The Old Snake

By Thomas Davis

I’ve been considering the old snake lately.  You know, 
the one that got humanity thrown out of the Garden of Eden.
He, I wouldn’t call him an “it”,
convinced Eve that humans would become like God
if only they would eat of the fruit of knowledge.
When Eve ate, Adam followed,
and the two of them left the Garden feeling naked.

Our current old snake is rather pedestrian comparatively.
He believes he has been divinely blessed,
but God doesn’t really come into that.
What he seems to really want,
as he sort of said,
is for the world’s leaders to come and “kiss my ass.”

To achieve his goal,
he throws tariffs around like confetti
and then partially pulls them back,
crowing Victory! Victory!
while the leaders kowtow to him, buying time,
while they work behind his back
to reorder the world in a way
that benefits him and hurts the clown
that will always be a threat to him
as long as he’s able to spit poison
into the lives they have expected to live.

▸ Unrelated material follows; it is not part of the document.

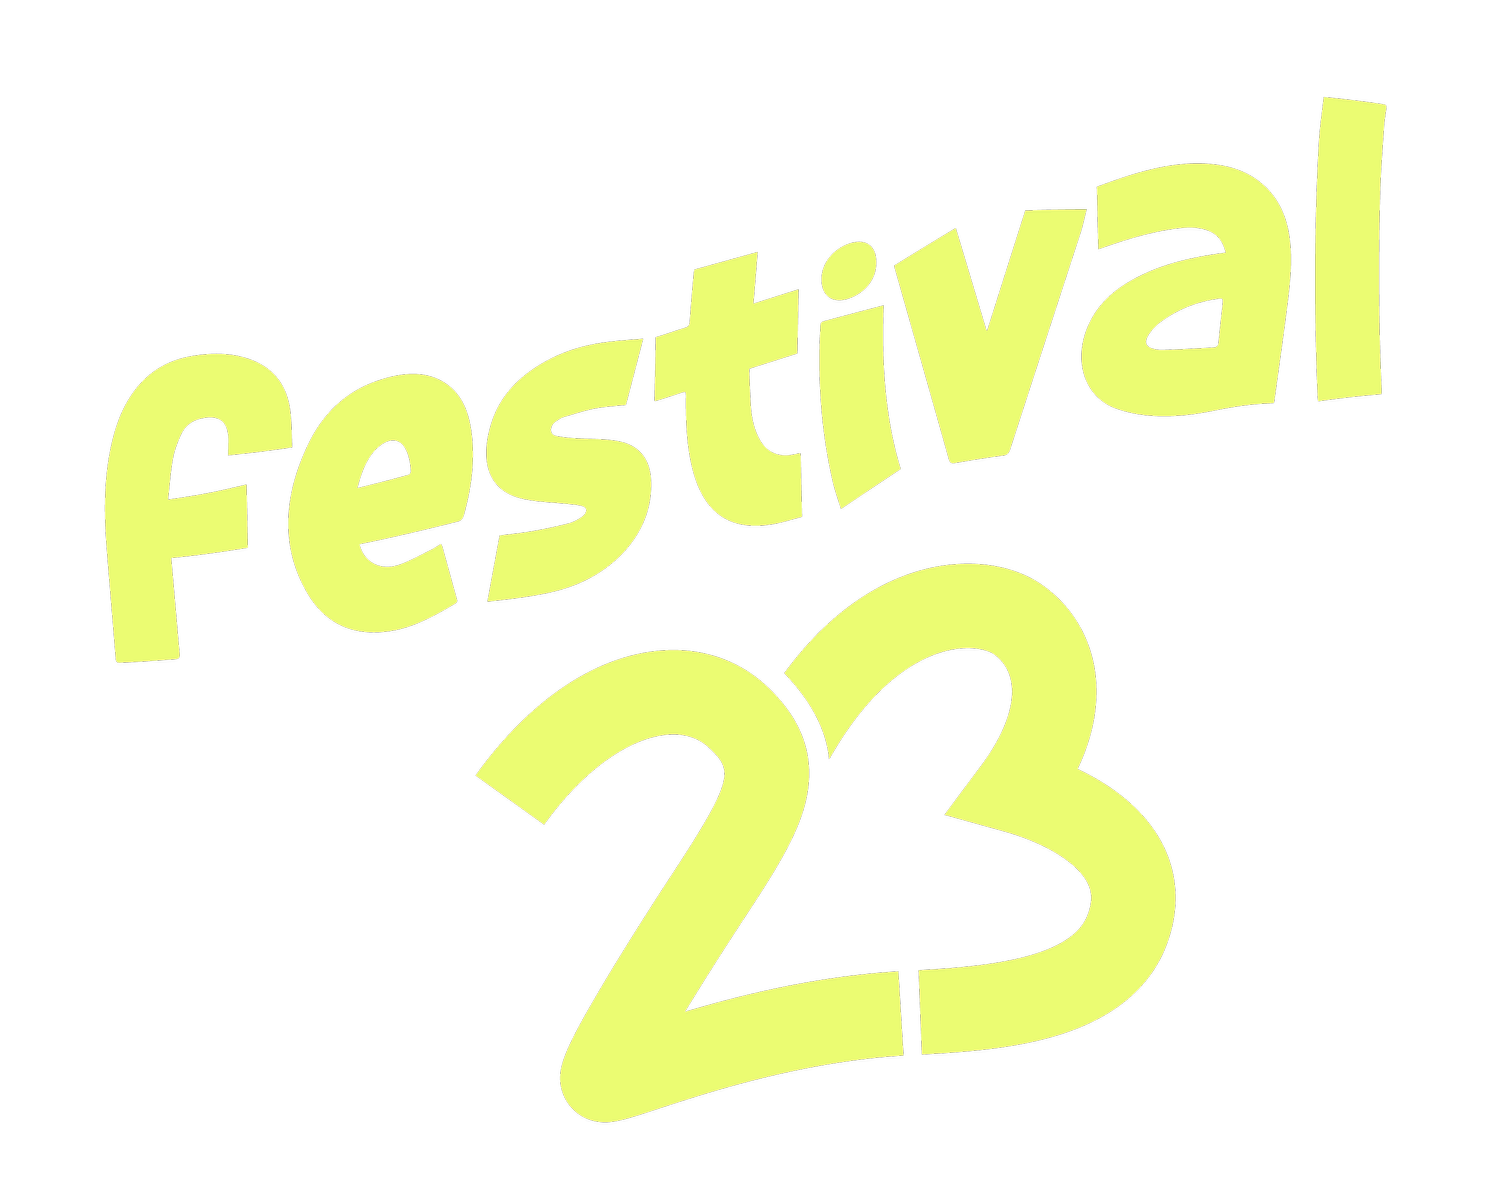 Festival23

Snakes slither on the ground
while lifting their heads up in the air, of course,
so, our old snake doesn’t see what’s happening,
not really. He’s blessed.

In the meantime,
the richest country in the history of the world
faces the dystopian nightmare
our old snake has said we’re already living inside,
stoking grievance and division up as strongly as he can.
Those that have bitten into his apple
bless his blessedness,
and the rest of us keep looking around,
wondering how anyone can claim
the country’s strengths are a flaming mass of disaster
even as we are being overwhelmed by the disasters
the old snake is gleefully making.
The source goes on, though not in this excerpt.